:: TASK TO CARRY OUT ::
Would you restate word for word the lines of the listing, beginning at the first and ending with the line that holds "Mauser banner logo"?

:: EXERCISE MATERIAL ::
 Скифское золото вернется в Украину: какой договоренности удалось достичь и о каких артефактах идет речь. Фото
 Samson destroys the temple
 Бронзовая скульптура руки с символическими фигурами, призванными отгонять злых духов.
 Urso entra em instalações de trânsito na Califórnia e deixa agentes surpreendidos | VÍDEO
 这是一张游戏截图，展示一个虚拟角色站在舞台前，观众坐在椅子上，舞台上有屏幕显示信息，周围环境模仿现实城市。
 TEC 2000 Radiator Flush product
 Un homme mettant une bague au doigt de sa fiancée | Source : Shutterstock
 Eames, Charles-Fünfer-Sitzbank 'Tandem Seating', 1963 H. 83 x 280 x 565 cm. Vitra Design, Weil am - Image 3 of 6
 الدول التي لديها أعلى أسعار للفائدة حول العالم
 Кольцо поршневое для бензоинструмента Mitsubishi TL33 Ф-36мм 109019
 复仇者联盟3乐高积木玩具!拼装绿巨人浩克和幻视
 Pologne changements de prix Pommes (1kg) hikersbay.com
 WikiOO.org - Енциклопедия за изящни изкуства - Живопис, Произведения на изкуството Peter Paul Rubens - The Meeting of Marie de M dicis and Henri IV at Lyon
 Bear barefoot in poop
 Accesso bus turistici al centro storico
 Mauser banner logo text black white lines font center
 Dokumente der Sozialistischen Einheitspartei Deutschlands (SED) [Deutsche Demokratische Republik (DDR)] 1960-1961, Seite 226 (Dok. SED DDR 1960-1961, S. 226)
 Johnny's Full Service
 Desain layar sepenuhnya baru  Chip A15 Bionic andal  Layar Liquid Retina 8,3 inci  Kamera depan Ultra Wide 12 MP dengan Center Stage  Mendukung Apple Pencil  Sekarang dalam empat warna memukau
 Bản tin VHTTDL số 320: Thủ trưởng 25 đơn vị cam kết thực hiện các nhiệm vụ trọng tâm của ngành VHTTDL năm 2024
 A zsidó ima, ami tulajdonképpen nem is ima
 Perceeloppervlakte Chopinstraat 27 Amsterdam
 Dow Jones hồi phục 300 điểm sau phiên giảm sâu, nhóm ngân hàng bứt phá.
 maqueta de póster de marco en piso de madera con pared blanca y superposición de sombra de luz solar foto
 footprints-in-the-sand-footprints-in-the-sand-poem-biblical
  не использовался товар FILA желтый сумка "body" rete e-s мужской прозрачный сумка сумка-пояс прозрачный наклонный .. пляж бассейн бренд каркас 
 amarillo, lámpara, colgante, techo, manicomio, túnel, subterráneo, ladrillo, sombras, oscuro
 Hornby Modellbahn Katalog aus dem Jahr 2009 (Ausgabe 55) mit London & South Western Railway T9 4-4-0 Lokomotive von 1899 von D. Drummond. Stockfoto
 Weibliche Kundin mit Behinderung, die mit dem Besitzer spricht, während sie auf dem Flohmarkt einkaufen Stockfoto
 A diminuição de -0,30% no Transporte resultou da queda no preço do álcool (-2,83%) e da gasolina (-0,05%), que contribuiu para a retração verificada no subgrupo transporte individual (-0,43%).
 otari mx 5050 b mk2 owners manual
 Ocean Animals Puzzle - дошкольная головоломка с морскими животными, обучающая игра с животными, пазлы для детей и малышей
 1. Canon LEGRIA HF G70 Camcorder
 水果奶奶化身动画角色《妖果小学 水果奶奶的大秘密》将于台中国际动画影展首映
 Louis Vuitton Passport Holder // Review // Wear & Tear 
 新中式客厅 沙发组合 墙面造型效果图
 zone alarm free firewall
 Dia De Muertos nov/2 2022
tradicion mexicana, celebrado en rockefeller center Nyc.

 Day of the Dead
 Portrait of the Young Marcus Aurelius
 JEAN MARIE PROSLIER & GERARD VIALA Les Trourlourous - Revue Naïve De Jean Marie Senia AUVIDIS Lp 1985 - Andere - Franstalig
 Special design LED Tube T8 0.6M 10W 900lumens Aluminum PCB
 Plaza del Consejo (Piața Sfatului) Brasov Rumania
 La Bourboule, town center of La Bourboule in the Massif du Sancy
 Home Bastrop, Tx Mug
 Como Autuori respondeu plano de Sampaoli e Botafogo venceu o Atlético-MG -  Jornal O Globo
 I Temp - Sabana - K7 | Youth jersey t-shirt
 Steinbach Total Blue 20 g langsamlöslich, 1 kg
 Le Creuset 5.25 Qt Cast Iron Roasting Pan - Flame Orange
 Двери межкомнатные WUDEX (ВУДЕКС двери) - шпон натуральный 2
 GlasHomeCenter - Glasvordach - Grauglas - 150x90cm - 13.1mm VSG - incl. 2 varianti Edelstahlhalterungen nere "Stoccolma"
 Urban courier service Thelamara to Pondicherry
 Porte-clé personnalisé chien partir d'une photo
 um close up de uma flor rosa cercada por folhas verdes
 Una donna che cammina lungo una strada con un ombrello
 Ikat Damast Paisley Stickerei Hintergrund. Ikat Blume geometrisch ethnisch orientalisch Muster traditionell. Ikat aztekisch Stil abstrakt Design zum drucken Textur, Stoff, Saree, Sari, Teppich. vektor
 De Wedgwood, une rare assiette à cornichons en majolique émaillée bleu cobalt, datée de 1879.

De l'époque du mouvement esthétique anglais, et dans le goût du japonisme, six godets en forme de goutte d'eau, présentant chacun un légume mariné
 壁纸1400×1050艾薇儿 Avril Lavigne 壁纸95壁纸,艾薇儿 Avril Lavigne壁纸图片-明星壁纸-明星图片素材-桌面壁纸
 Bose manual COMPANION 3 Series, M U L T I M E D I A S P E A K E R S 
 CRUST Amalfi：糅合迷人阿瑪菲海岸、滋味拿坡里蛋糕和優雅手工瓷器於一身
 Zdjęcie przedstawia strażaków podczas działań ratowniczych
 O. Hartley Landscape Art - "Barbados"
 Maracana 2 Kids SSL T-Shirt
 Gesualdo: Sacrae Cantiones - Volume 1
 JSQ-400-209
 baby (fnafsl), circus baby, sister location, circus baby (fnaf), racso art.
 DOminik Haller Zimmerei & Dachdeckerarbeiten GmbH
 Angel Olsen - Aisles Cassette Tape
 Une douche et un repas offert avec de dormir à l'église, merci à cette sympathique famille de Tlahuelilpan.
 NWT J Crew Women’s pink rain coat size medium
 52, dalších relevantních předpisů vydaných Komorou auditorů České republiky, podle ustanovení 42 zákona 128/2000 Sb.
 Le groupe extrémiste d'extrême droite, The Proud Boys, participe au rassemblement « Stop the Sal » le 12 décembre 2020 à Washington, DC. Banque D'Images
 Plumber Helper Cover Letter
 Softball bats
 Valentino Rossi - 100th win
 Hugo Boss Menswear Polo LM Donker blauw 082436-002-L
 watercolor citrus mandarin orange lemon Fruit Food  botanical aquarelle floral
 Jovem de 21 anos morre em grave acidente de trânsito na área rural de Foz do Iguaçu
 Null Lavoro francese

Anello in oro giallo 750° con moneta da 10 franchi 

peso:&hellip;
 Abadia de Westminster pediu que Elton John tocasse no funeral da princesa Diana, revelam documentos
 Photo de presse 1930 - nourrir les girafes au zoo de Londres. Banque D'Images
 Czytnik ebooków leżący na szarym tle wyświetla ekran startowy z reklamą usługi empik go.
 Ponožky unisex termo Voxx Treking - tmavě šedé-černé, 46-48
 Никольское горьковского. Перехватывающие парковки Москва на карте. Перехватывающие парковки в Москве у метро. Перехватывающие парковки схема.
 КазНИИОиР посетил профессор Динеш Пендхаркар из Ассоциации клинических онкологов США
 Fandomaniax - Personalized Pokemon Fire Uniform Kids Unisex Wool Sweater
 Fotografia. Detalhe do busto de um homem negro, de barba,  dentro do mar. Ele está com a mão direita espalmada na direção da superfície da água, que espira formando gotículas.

:: TASK RESULT ::
 Скифское золото вернется в Украину: какой договоренности удалось достичь и о каких артефактах идет речь. Фото
 Samson destroys the temple
 Бронзовая скульптура руки с символическими фигурами, призванными отгонять злых духов.
 Urso entra em instalações de trânsito na Califórnia e deixa agentes surpreendidos | VÍDEO
 这是一张游戏截图，展示一个虚拟角色站在舞台前，观众坐在椅子上，舞台上有屏幕显示信息，周围环境模仿现实城市。
 TEC 2000 Radiator Flush product
 Un homme mettant une bague au doigt de sa fiancée | Source : Shutterstock
 Eames, Charles-Fünfer-Sitzbank 'Tandem Seating', 1963 H. 83 x 280 x 565 cm. Vitra Design, Weil am - Image 3 of 6
 الدول التي لديها أعلى أسعار للفائدة حول العالم
 Кольцо поршневое для бензоинструмента Mitsubishi TL33 Ф-36мм 109019
 复仇者联盟3乐高积木玩具!拼装绿巨人浩克和幻视
 Pologne changements de prix Pommes (1kg) hikersbay.com
 WikiOO.org - Енциклопедия за изящни изкуства - Живопис, Произведения на изкуството Peter Paul Rubens - The Meeting of Marie de M dicis and Henri IV at Lyon
 Bear barefoot in poop
 Accesso bus turistici al centro storico
 Mauser banner logo text black white lines font center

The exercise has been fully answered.